**WHAT YOU NEED TO DO**
Scan the records below for the line with "Utah Jazz | BouncyOrangeBall" and the line with "Cucciolo di barboncino", and retype that range exactly, both ends included, pictures excepted.

**INPUT**
+===+
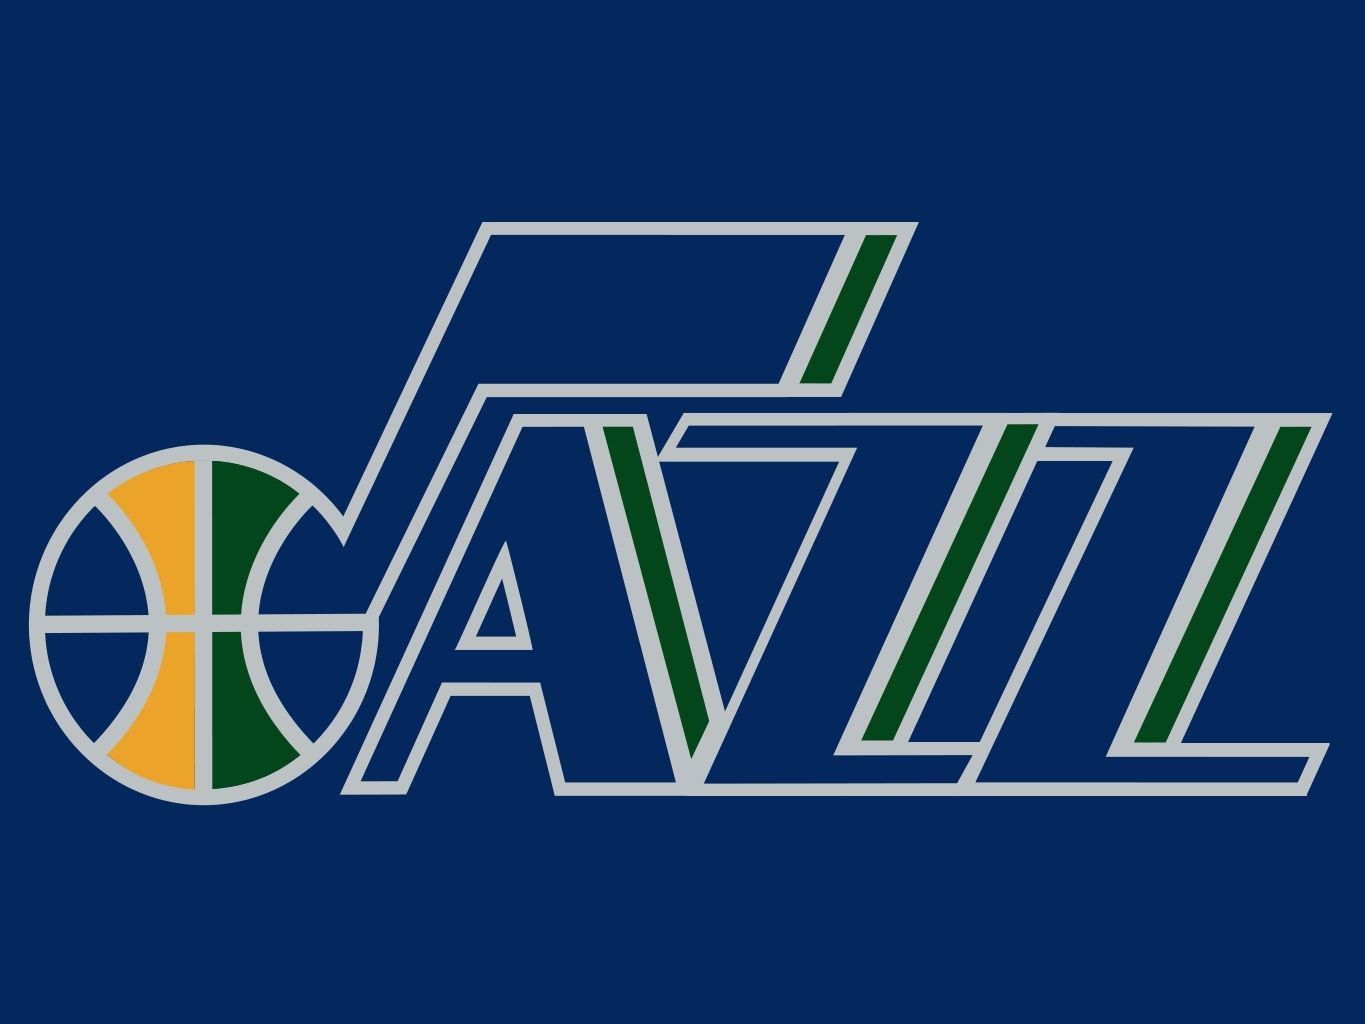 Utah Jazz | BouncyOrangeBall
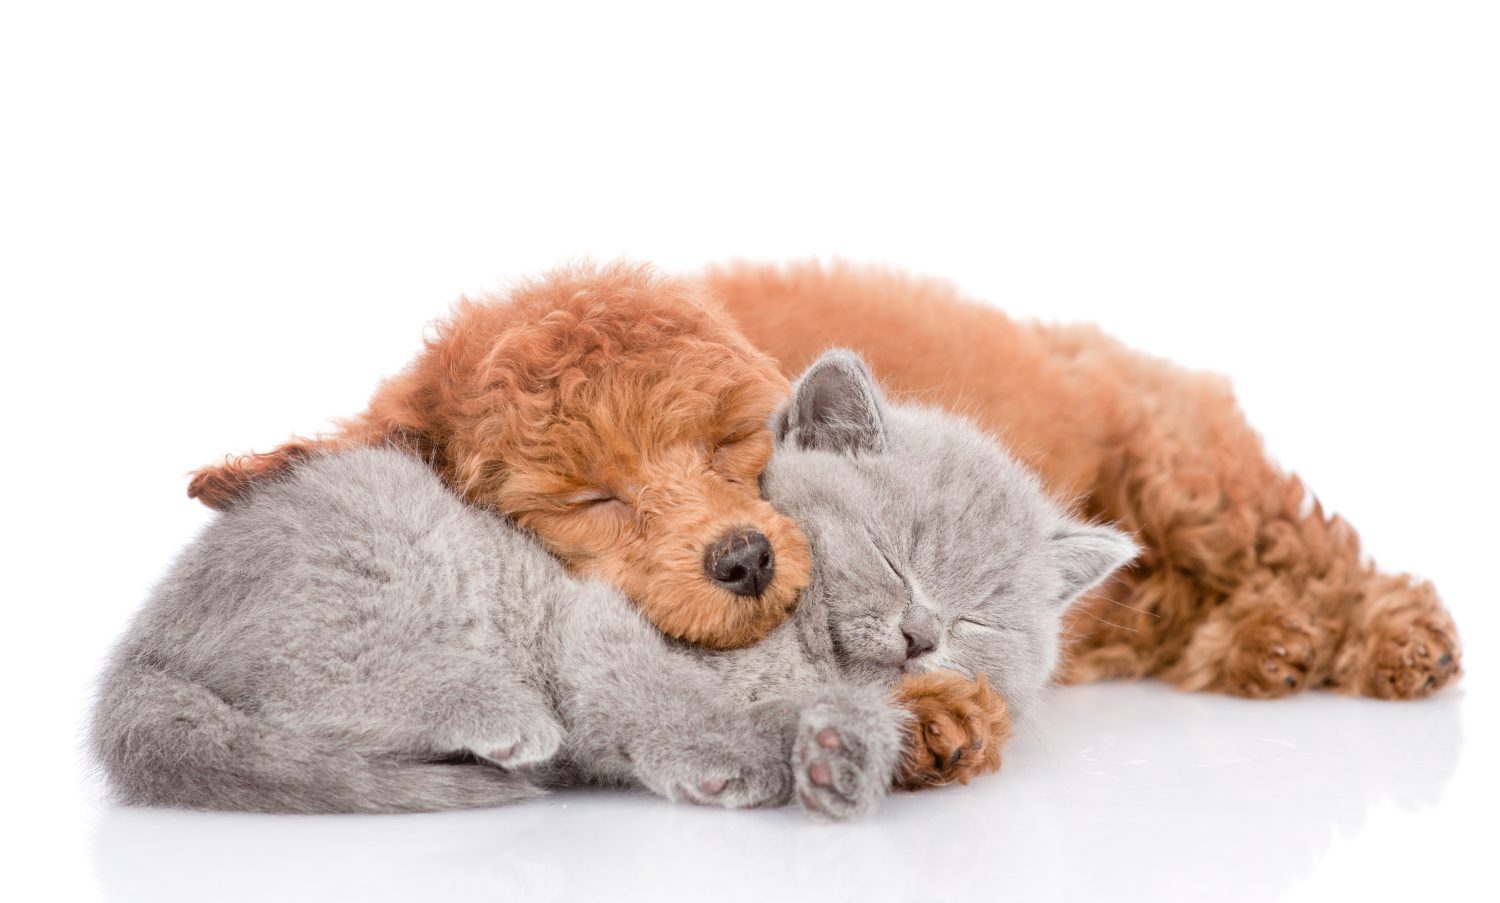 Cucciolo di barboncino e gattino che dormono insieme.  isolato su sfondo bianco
+===+
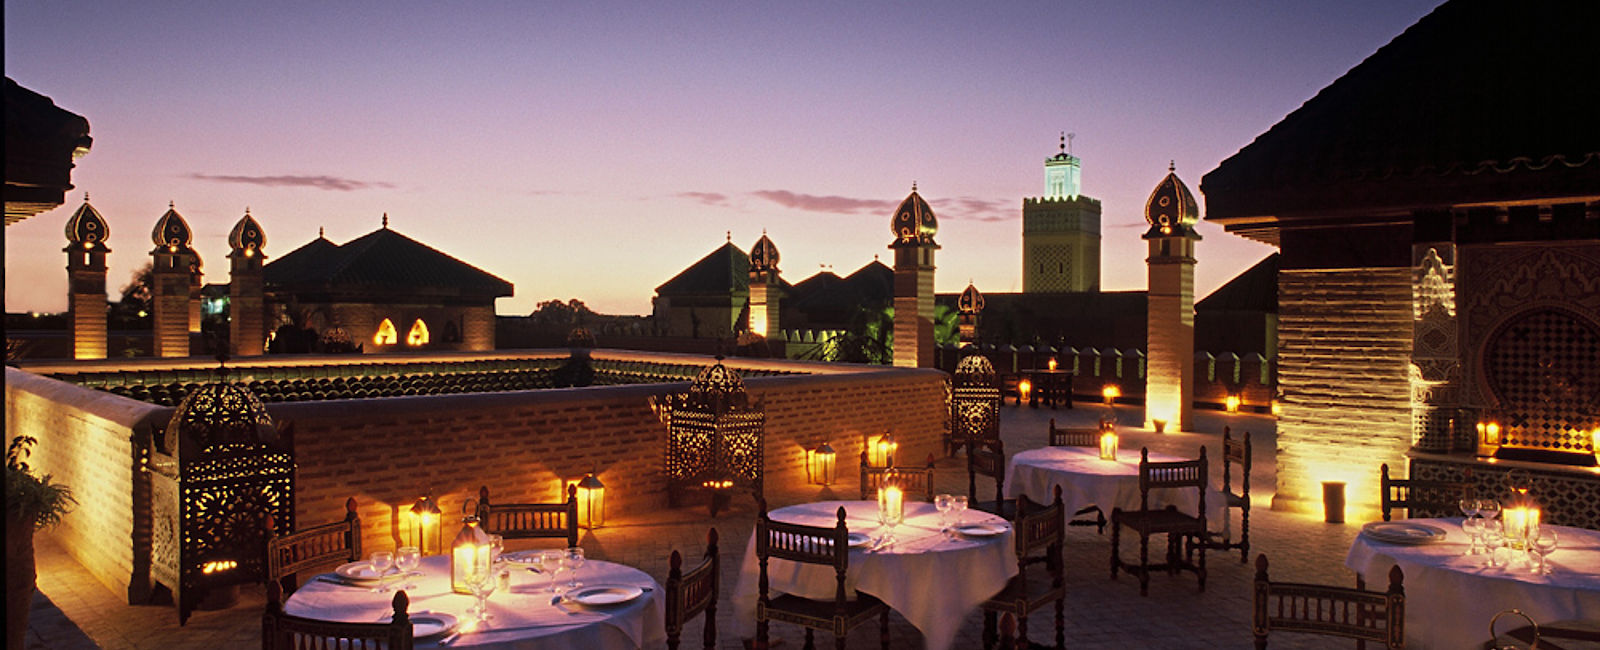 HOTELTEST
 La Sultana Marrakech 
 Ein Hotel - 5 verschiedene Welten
+===+
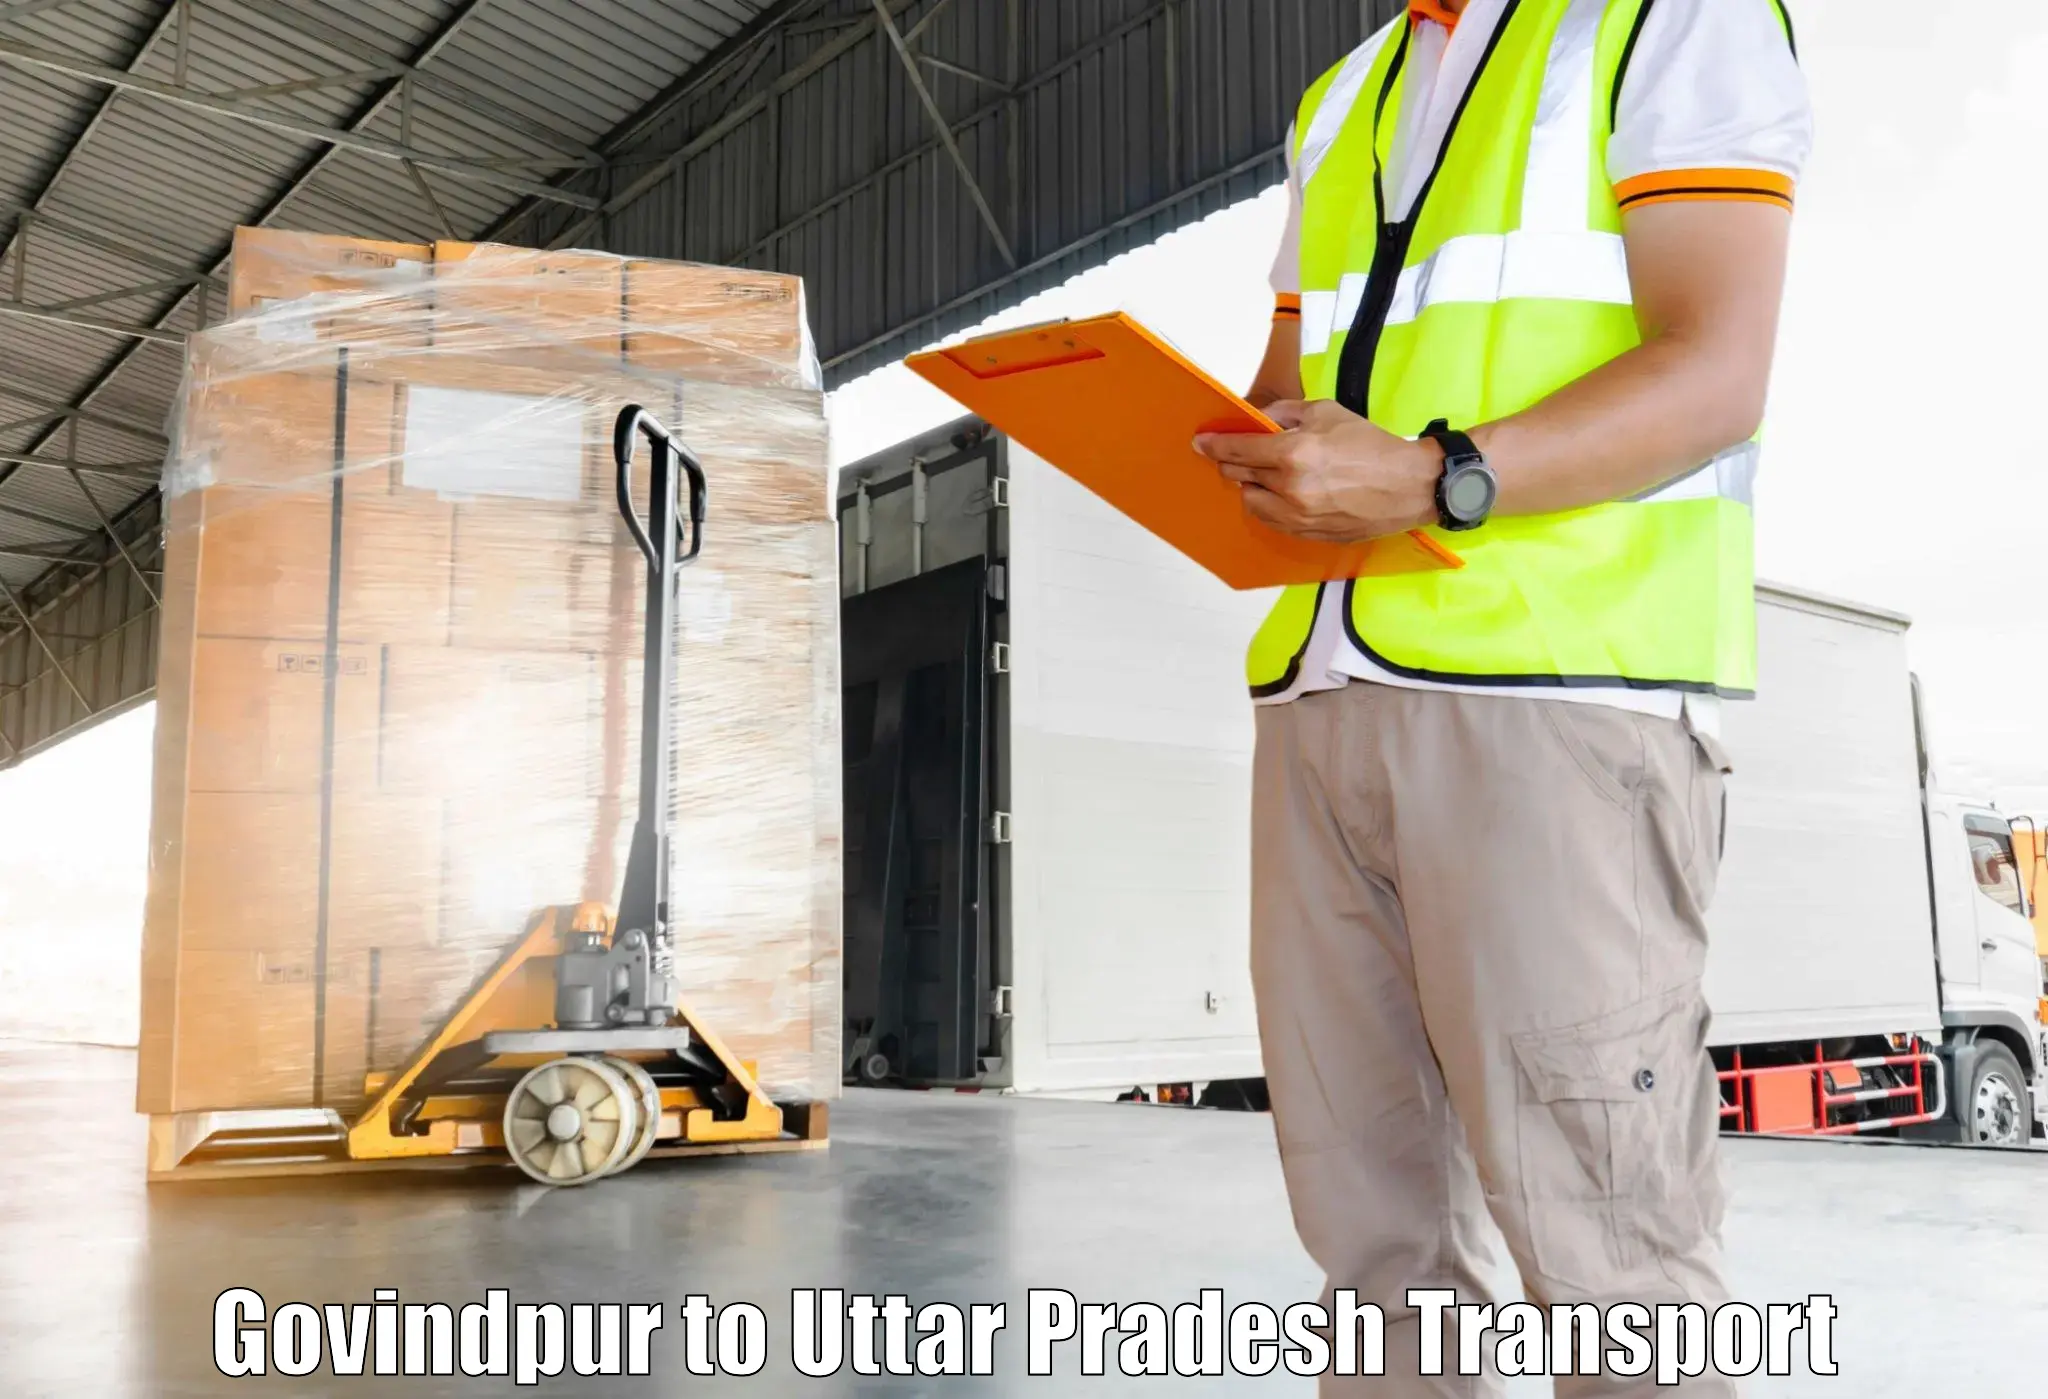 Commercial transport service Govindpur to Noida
+===+
**EXPECTED ANSWER**
 Utah Jazz | BouncyOrangeBall
 Cucciolo di barboncino e gattino che dormono insieme.  isolato su sfondo bianco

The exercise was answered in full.